Innovative Stadt- und Gemeindeverwaltungen mobilisieren daher verschiedene Potentiale:

• Verhandlungen mit den Sektorministerien führen zu Vereinbarungen über eine Abgrenzung der Verwaltungs- und Finanzierungsverantwortlichkeiten;

• die betroffene Bevölkerung wird bei der Bereitstellung sozialer Infrastruktur nicht nur an der Bedarfsidentifikation und Planung beteiligt, sondern auch an der Bereitstellung und Finanzierung, beispielsweise durch Eigenleistungen;

• private Unternehmen können Patenschaften für Schulen, Gesundheitsposten oder öffentliche Parks übernehmen;

• bestimmte soziale Dienstleistungen können über Konzessionen auf den Privatsektor übertragen und damit dem Wettbewerb ausgesetzt werden;

• über geeignete Partizipationsmechanismen kann die soziale Kontrolle sozialpolitischer Einrichtungen verbessert und damit auch ihre Effizienz erhöht werden; allerdings ist nicht immer die Frage geklärt, welche Mechanismen denn „geeignet" sind;

• insgesamt geht die Tendenz zu einer stärkeren Eigenverantwortlichkeit der unidades de gestión (d.h. der einzelnen Schule, des einzelnen Krankenhauses, etc.), während sich Verwaltung und politische Führung auf die Normensetzung und -kontrolle beschränken.

Externalitäten

Ein großes - vielleicht das größte - Problem kommunaler Sozialleistungen sind die externen Effekte. Beispielsweise investierte die Stadtverwaltung von Volta Redonda, Brasilien, erheblich in die öffentlichen Krankenhäuser der Stadt. Die Verbesserung des Leistungsangebots führte in kurzer Zeit zu einer verstärkten Nachfrage von Patienten aus den Nachbargemeinden und dem Ergebnis, daß die zur Verfügung stehenden Ressourcen pro Patient wieder sanken und damit auch die Qualität des Angebots.

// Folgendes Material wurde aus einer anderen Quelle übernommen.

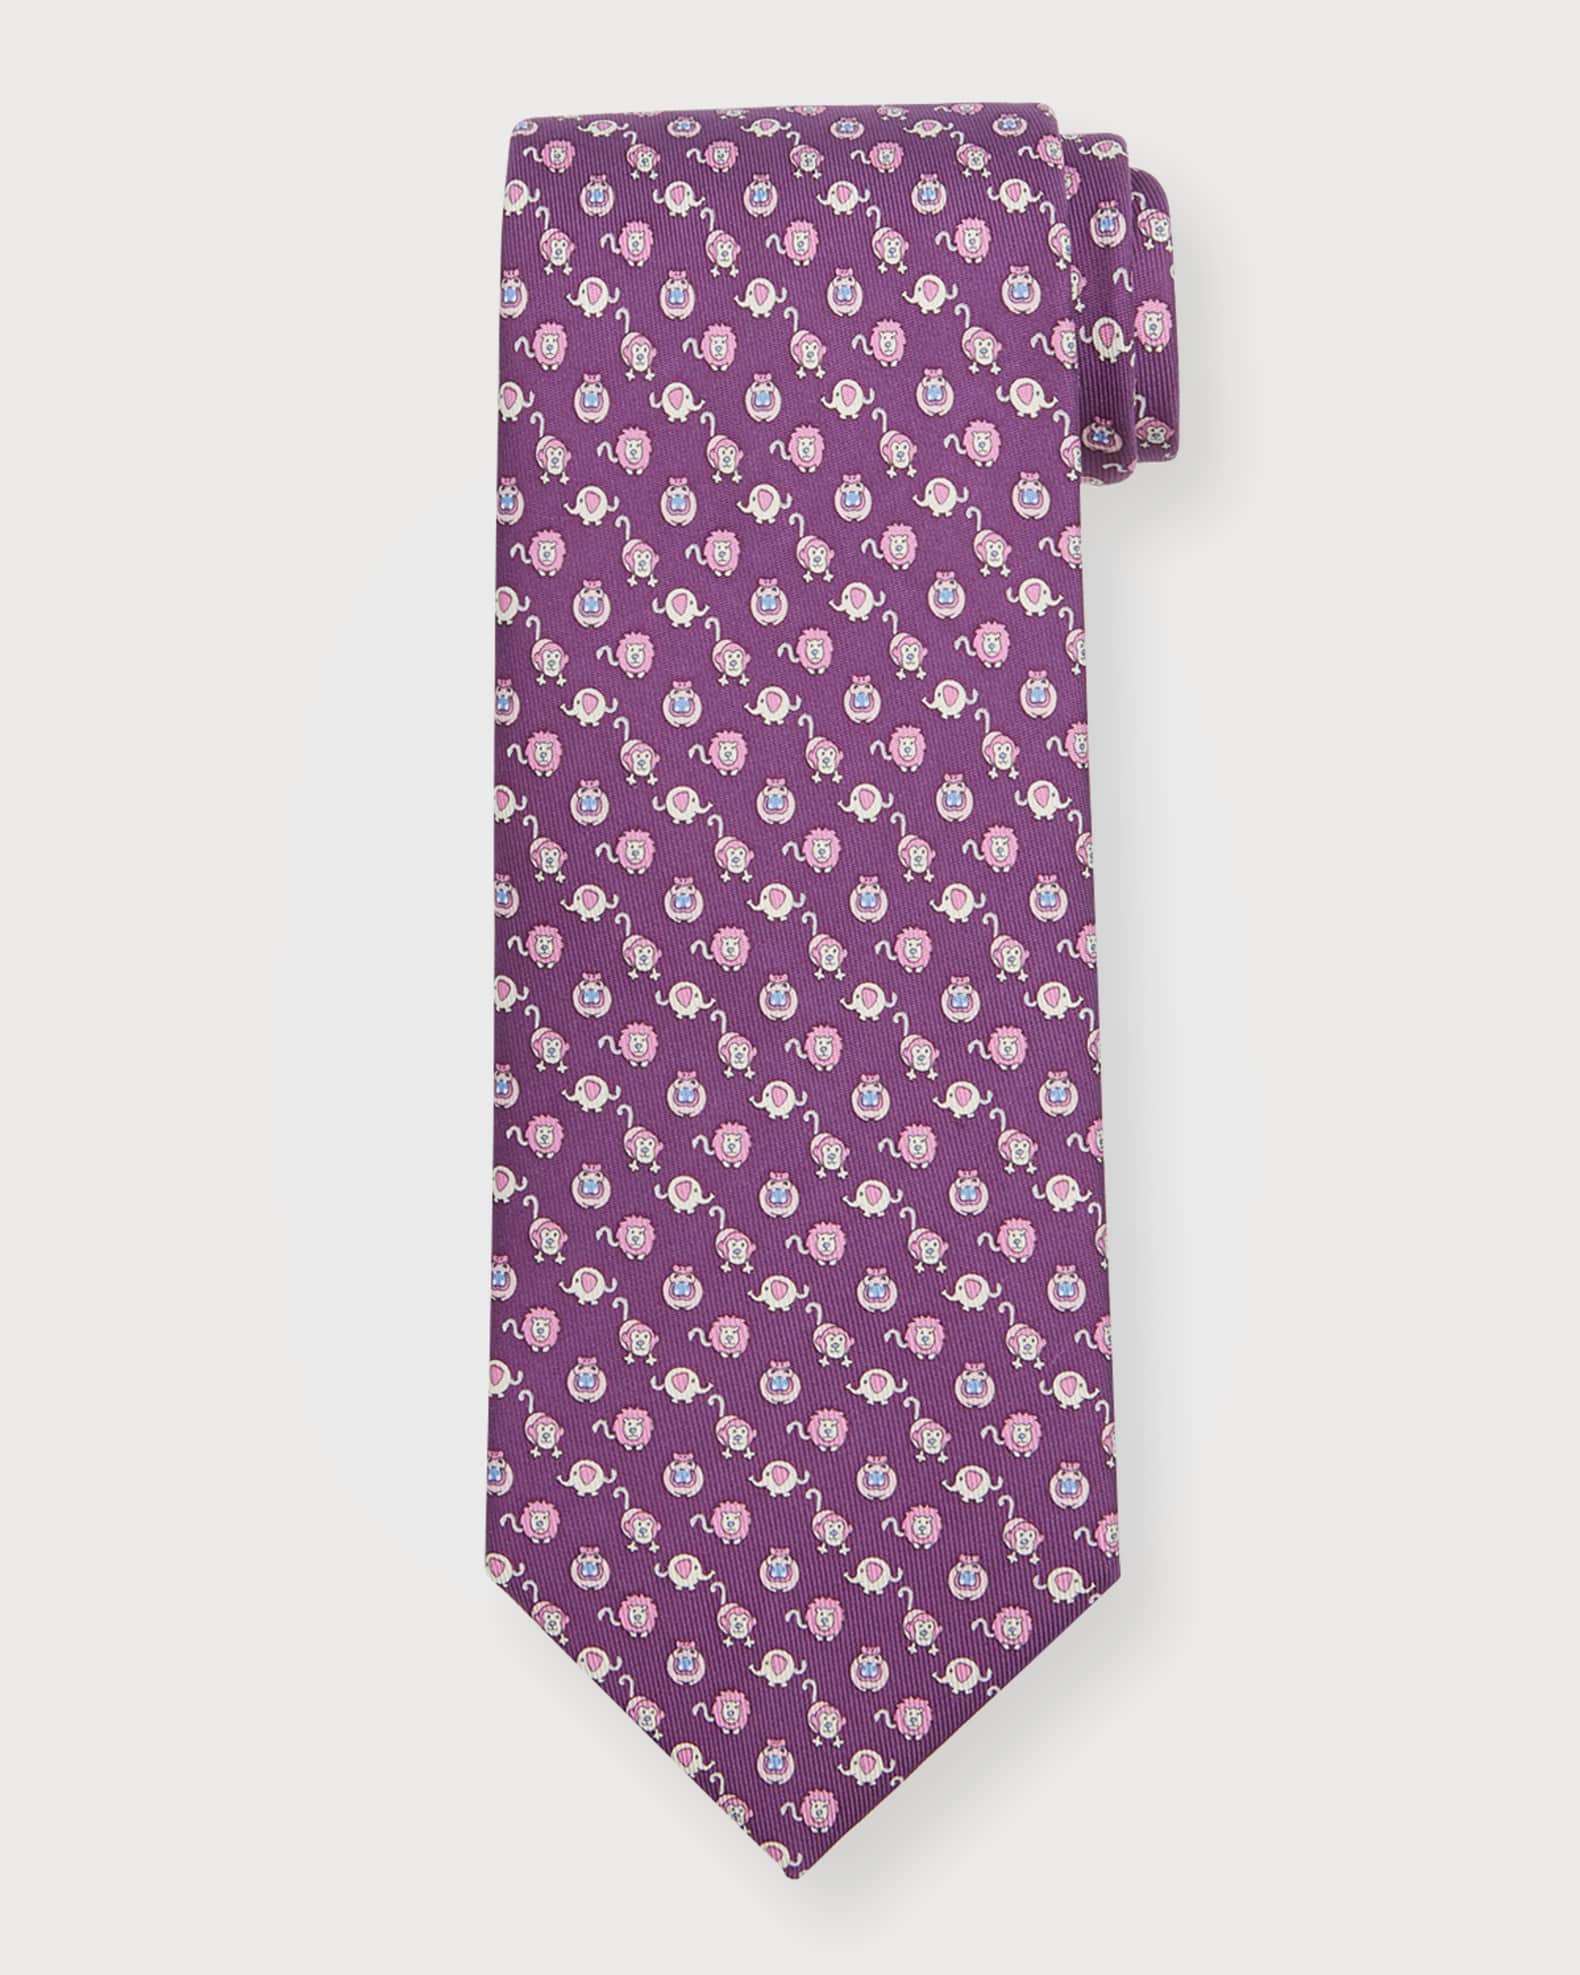 Ferragamo Men's 4-Pippo Animal Print Silk Tie | Neiman Marcus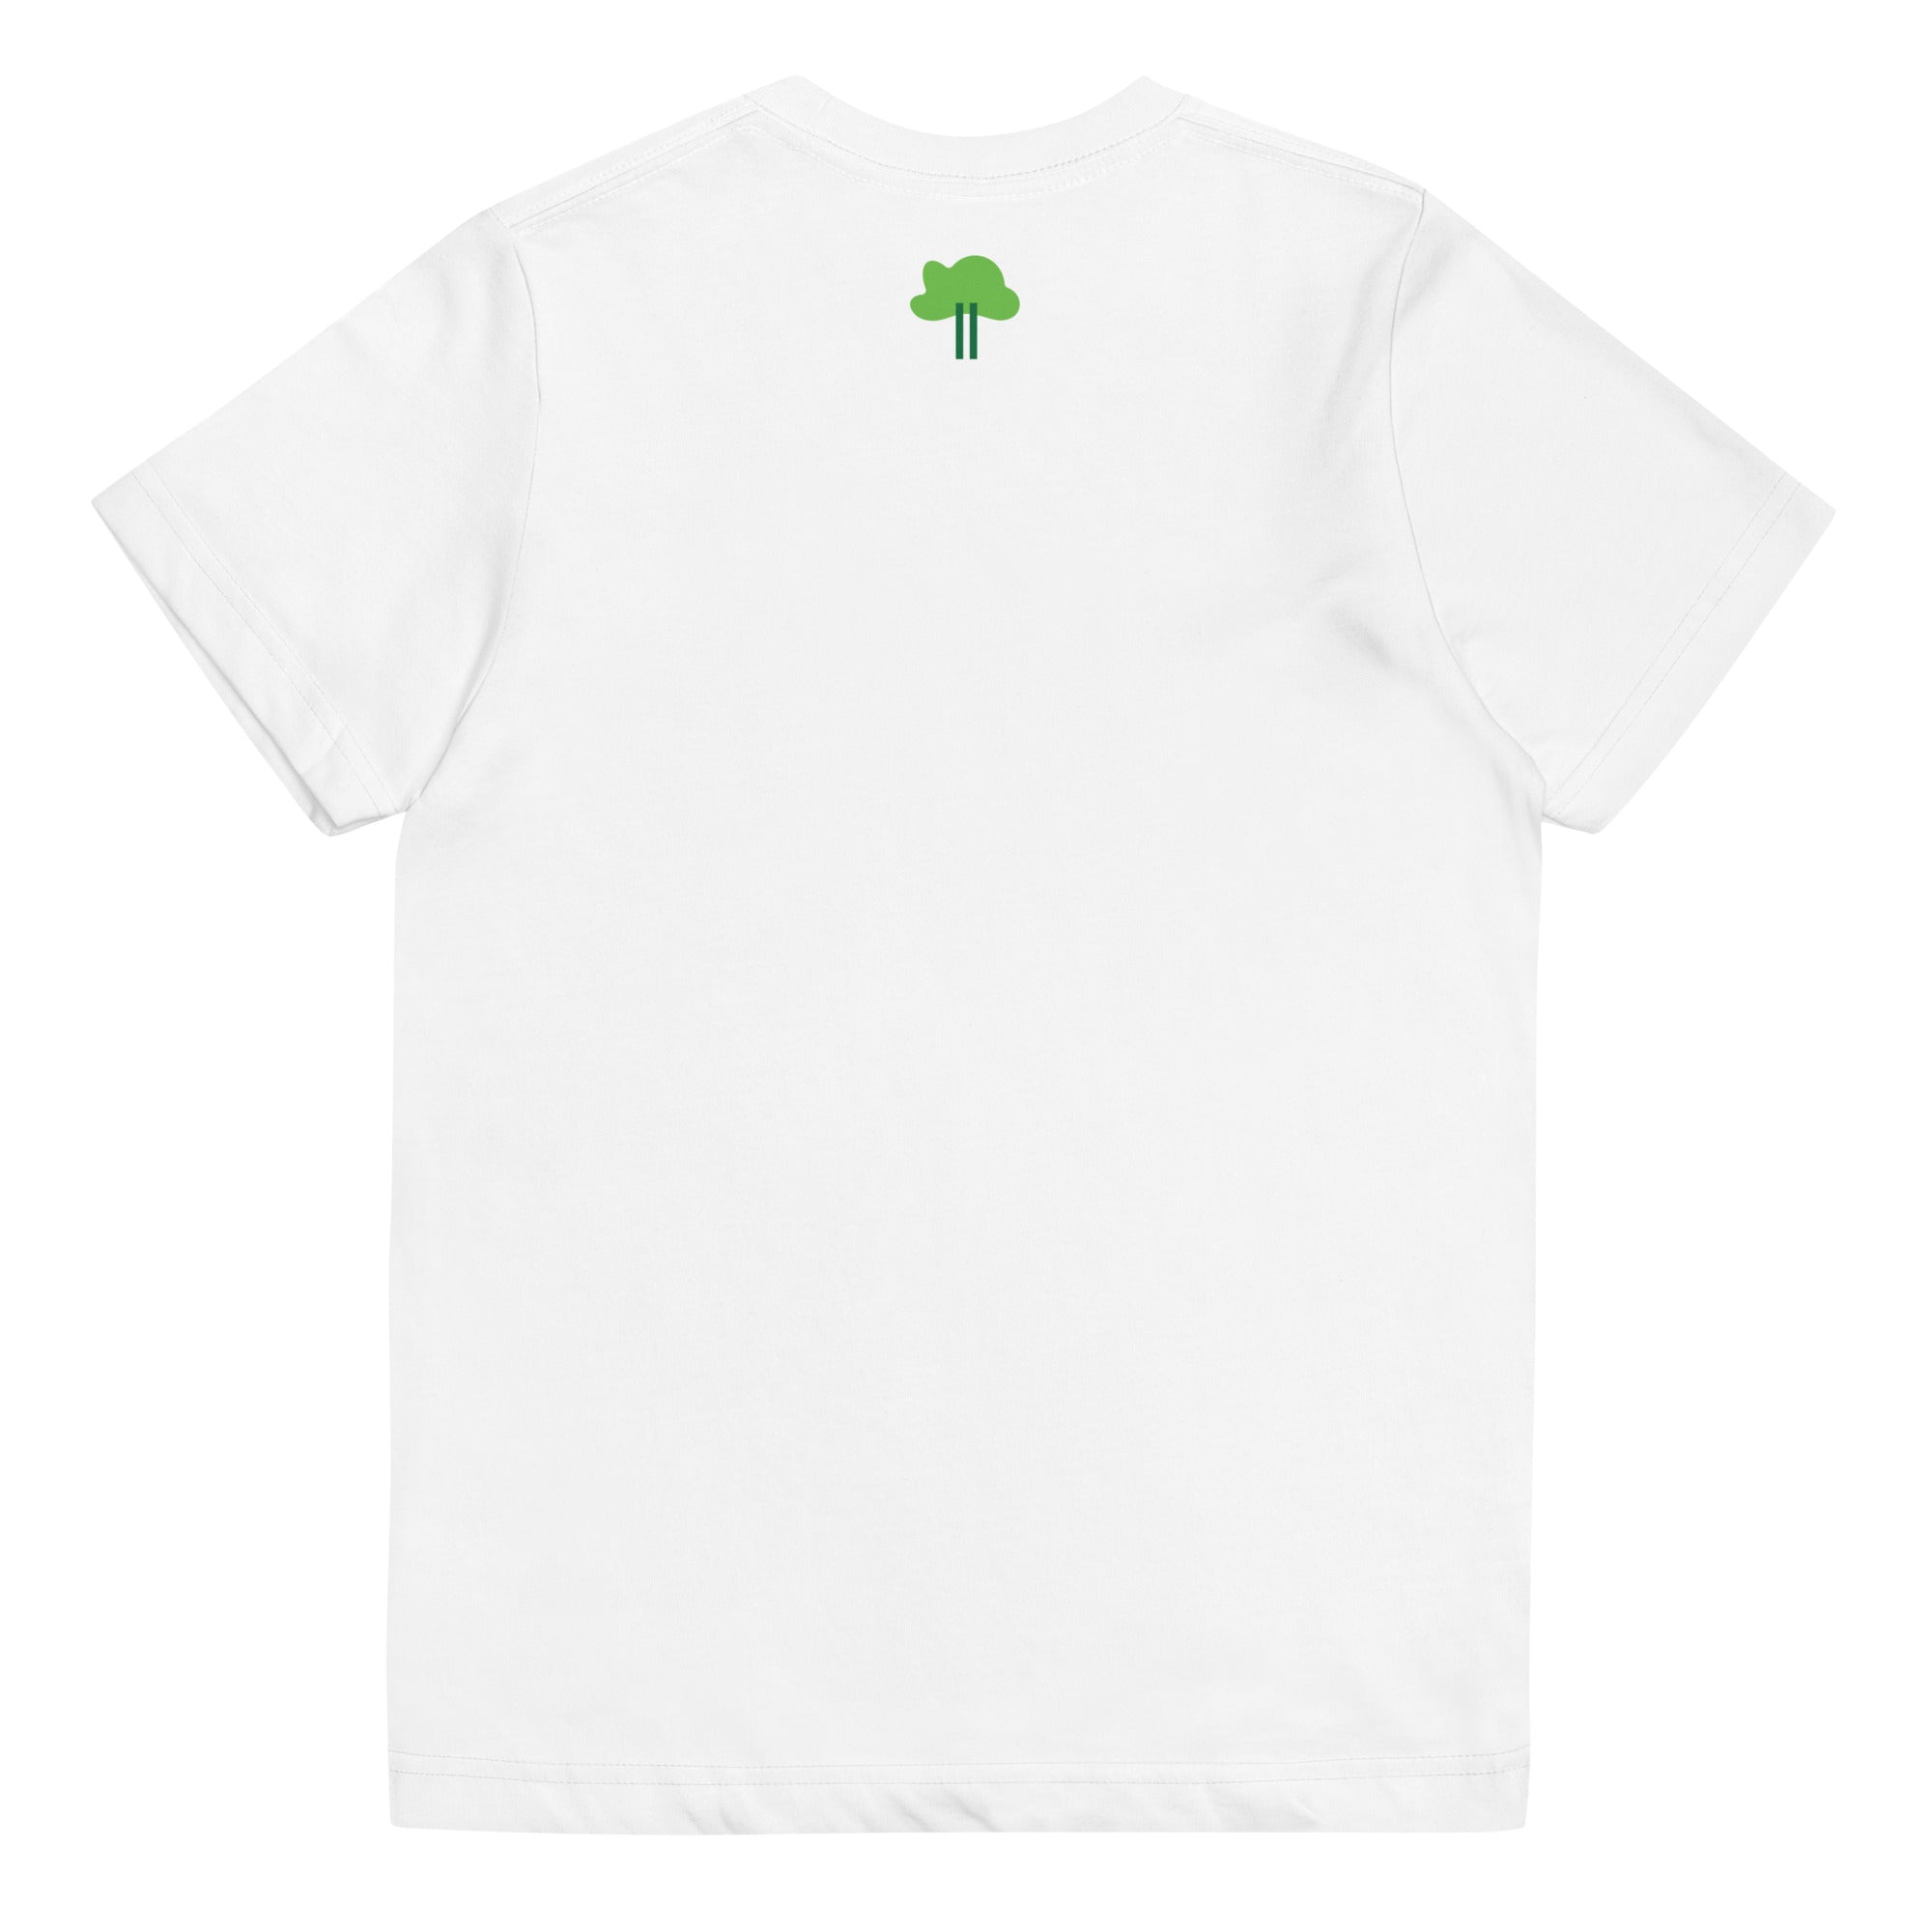 II Temp - Sabana - K9 | Youth jersey t-shirt

Wenn eine höhere Finanzierung aus dem Haushalt nicht möglich ist, bleiben nur drei Möglichkeiten, um die Qualität der Leistung aufrechtzuerhalten, ohne die Kompetenz auf eine höhere Ebene zurückzuverlagern:

1. Steuererhöhungen - diese würden langfristig zum Abwandern der Steuerzahler führen, ohne das Problem zu lösen (New York Syndrom);

2. Ein finanzieller Beitrag der Nachbargemeinden entsprechend ihrem Anteil an der Nutzung; dazu bestehen keine gesetzlichen Regelungen;

3. Die Sicherstellung einer gleichmäßigen Finanzierung für alle Gemeinden durch den Staat zur „Internalisierung der externen Effekte". [ Dies geschieht im Prinzip über das nationale Gesundheitssystem SUS, nach dem die öffentlichen Krankenhäuser nach Fallzahlen finanziert werden; allerdings haben diese zur Kontrolle der weitverbreiteten Korruption ein „Dach", das sich nach der Einwohnerzahl der Gemeinde richtet. Dies ist der Grund für das beschriebene Problem.]